DownloadFileToFile(LPCTSTR p_bstrRemoteFileName, LPCTSTR p_bstrLocalFileName);
writes the contents of the file named p_bstrRemoteFileName in the remote Fluent session
working directory to the local file p_bstrLocalFileName.
ExecScheme(LPCTSTR p_bstrSchemeCommand);
issues a scheme command to the connected Fluent session. Output from the command is not returned
ExecSchemeToString(LPCTSTR p_bstrSchemeCommand);
issues a scheme command to the connected Fluent session and returns the output
SetRpVar(LPCTSTR p_bstrRpVar, LPCTSTR p_szRpVarValue);
sets the value of the rpvar p_szRpVar to p_szRpVarValue.
GetRpVar(LPCTSTR p_bstrRpVar);
returns a string with the value of the rpvar p_bstrRpVar.
UploadFileFromBuffer(LPCTSTR p_bstrRemoteFileName, VARIANT &p_variantLocalBufferContent);
writes a file named p_bstrRemoteFileName in the remote Fluent session working directory with
the contents of p_variantLocalBufferContent.
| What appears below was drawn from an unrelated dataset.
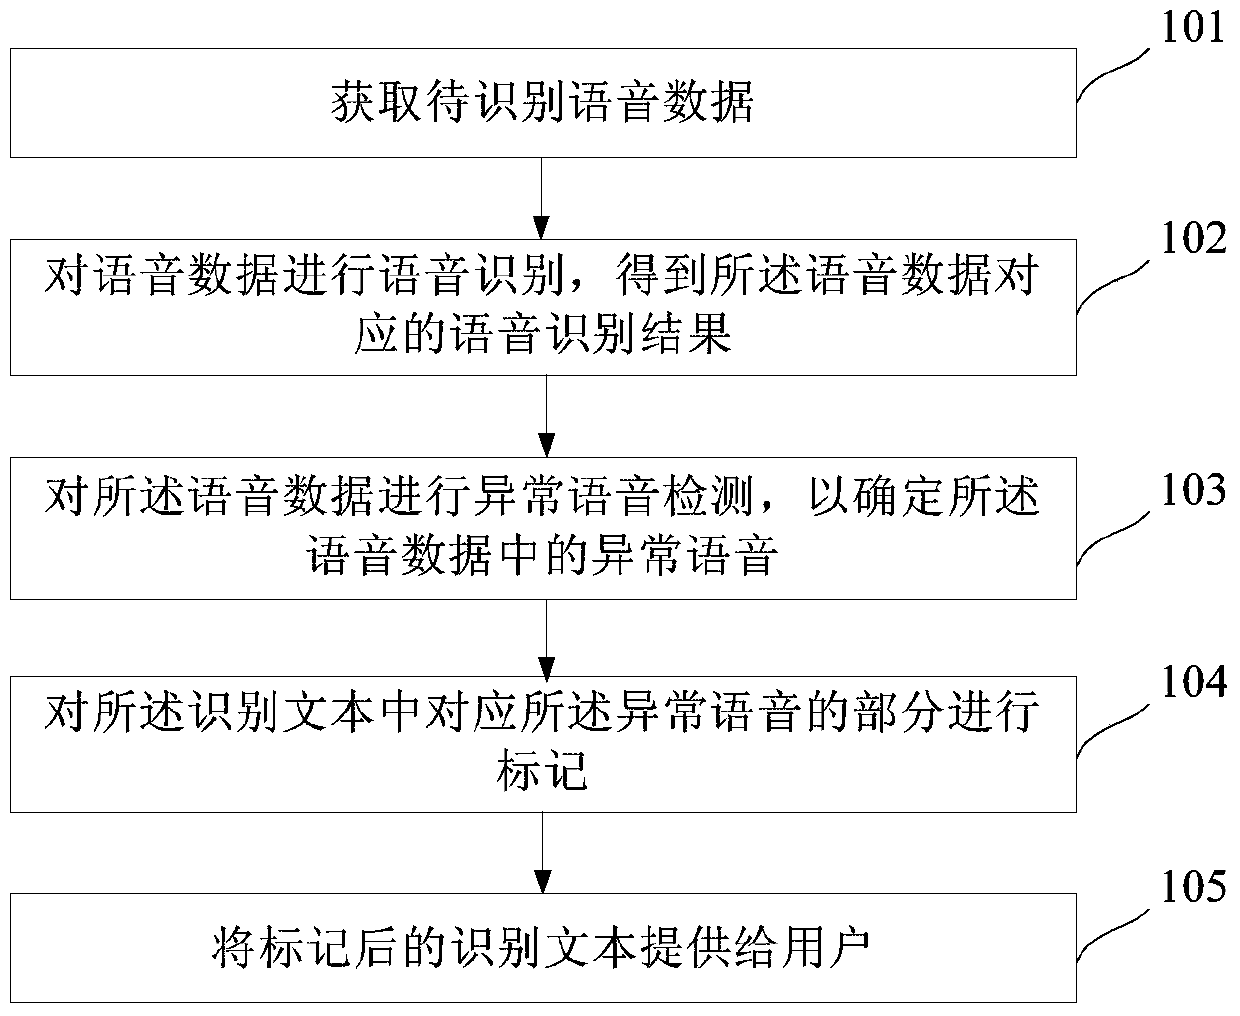 Speech recognition text processing method and system

If p_bstrRemoteFileName exists, it is
overwritten.
UploadFileFromFile(LPCTSTR p_bstrRemoteFileName, VARIANT p_bstrLocalFileName);
writes a file named p_bstrRemoteFileName in the remote Fluent session working directory with
the contents of p_bstrLocalFileName. If p_bstrRemoteFileName exists, it is overwritten.
There is also a DLL library with an interface, IAnsysSessionManager, for connecting to ANSYS Session
Manager. You can use this interface by including the following library in your application:
...\v150\fluent\fluent15.0.0\addons\corba\%ARCH%\COMAnsysSessionManager.dll
class CAnsysSessionManager
CleanUp(void);
attempt to connect to all sessions started by the current session manager. If a session fails to connect
it will be removed from the list of running sessions.
Important
If a Fluent session is active but slow to respond (due to a long process of reading a
case, for example) CleanUp will wait until the session responds. Thus, depending on
the status of the running sessions this call may take a long time to complete. Use
with caution.
ConnectToRunningSession(LPCTSTR p_bstrRunningSessionName);
connect to the managed session named p_bstrRunningSessionName.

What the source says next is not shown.